The 2009 and 2008 annual figures have been prepared in accordance with the IFRS guidelines applicable in 2009. The consolidated statement of comprehensive income is presented on the basis of continued operations. In the second half of 2008, TMG decided to sell or cease insufficiently profitable activities and non-core activities. The result from operations already discontinued or held for discontinuation has been presented separately for both 2009 and 2008. The operations concerned are the publishing houses in Sweden and the Ukraine and, in the Netherlands, several magazine titles owned by the Telegraaf Tijdschriften Groep, the narrowcasting activities of Media Librium and Carp's print operations. At the end of 2009, TMG decided to sell Keesing Reference Systems, a provider of solutions for checking ID documents, among other things. This sale was effective at the start of 2010 and, consequently, the result from this activity is also included in the separately-presented results from discontinued operations.

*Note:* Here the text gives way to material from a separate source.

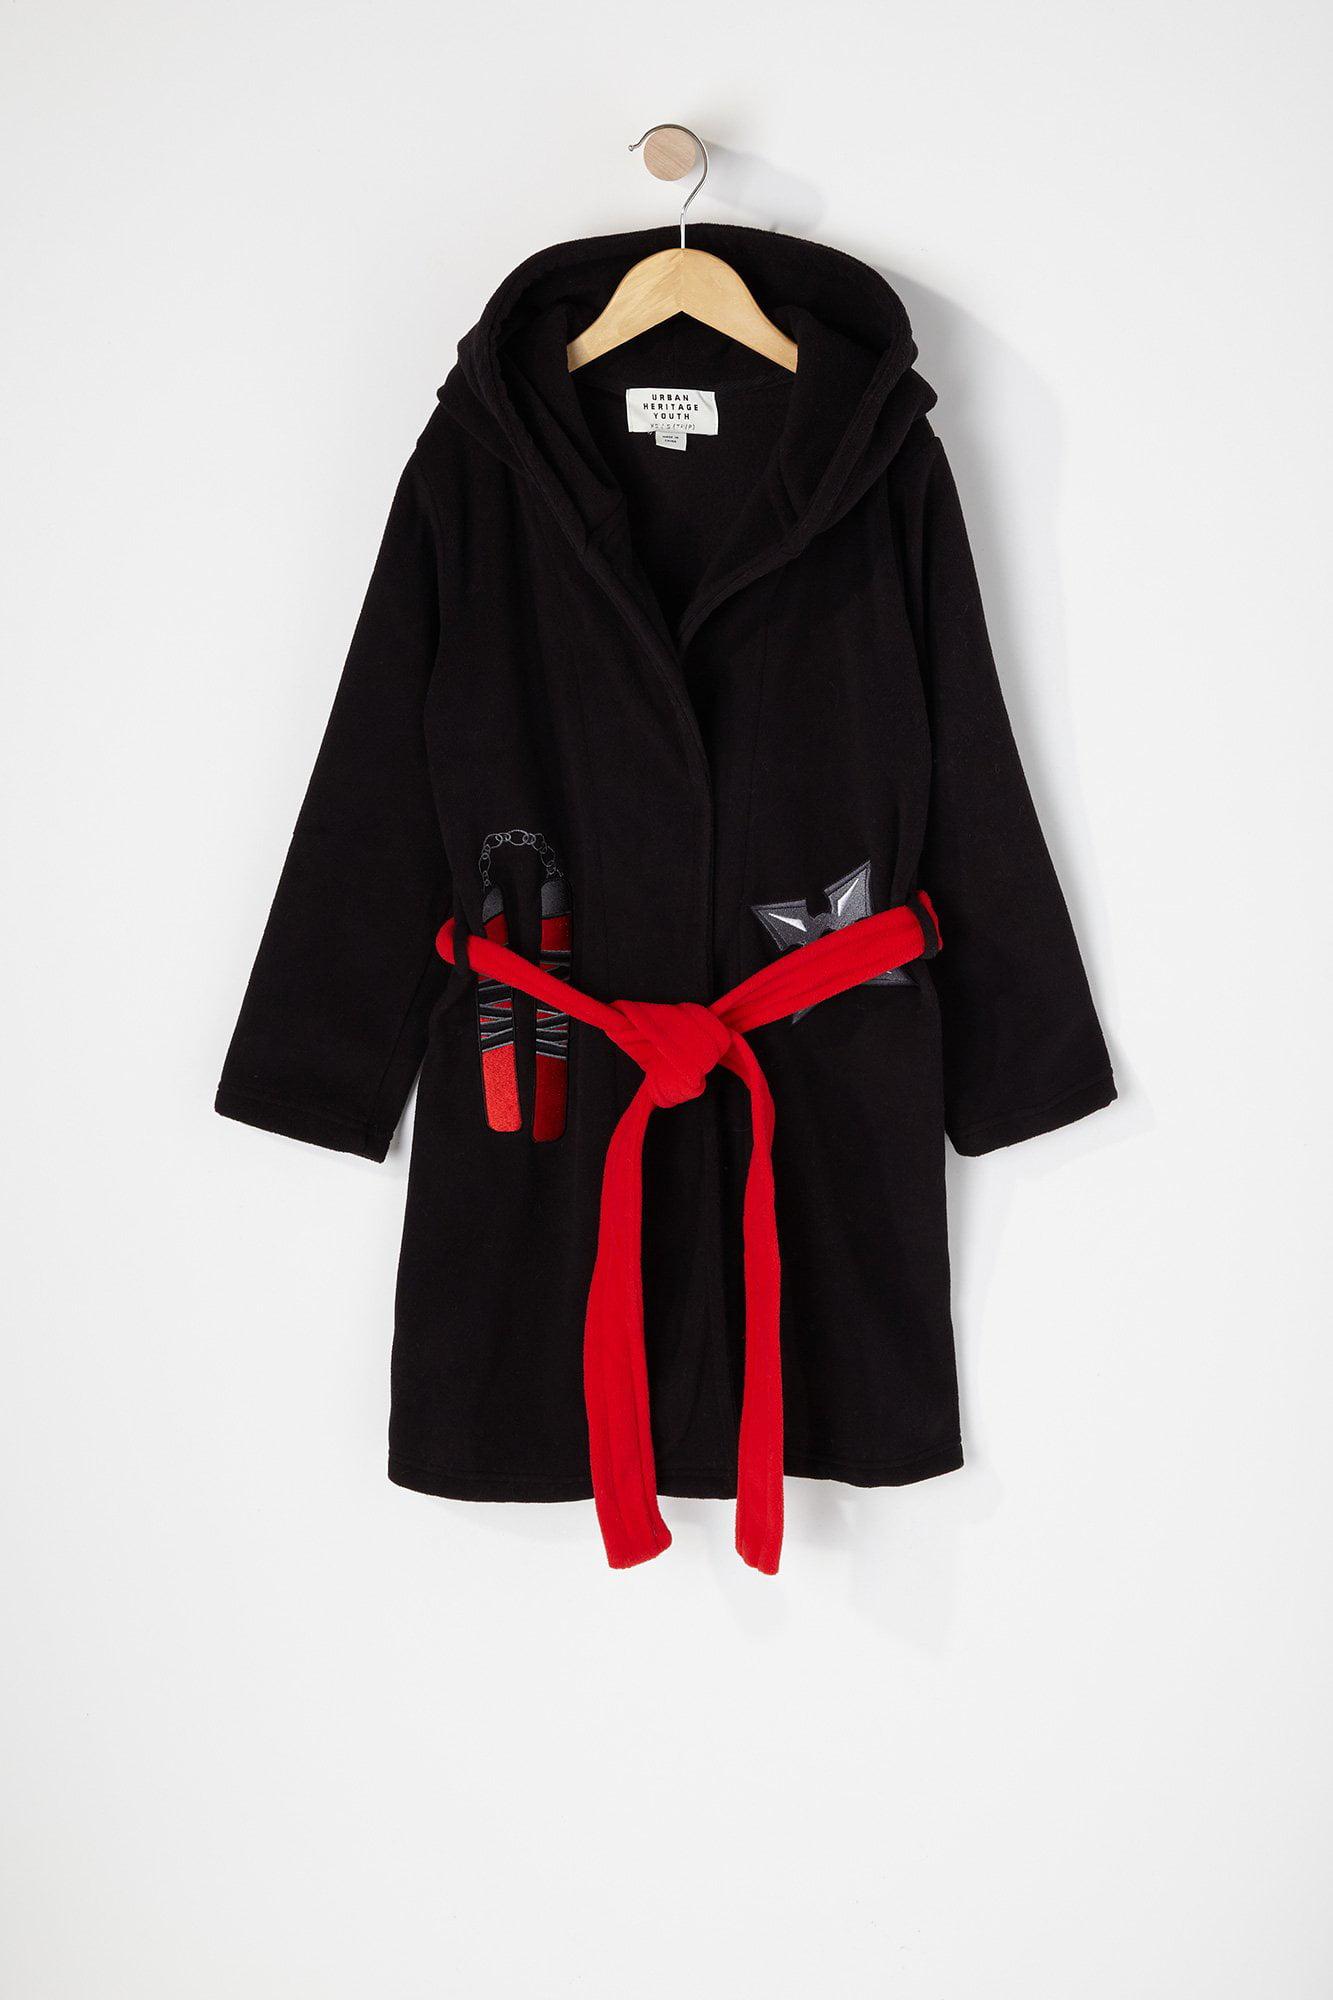 Batman Boys Black Fleece Robe Size 2T 3T 4T 5T 6 8 10 12

Mid 2008, TMG stated the intention to markedly increase the recurring EBITA margin in the first three years from a level of just over 7% in 2007 to – eventually – a level of 15%. Higher margins had to be realised by cost cutting, disposing of insufficiently performing activities and outsourcing of non core activities. This ambition assumed normal economic conditions, maintaining and expanding market leadership and, at the same time, achieving greater efficiency and synergy in existing activities. Especially the digital activities were expected to grow, both organic and acquisition-driven.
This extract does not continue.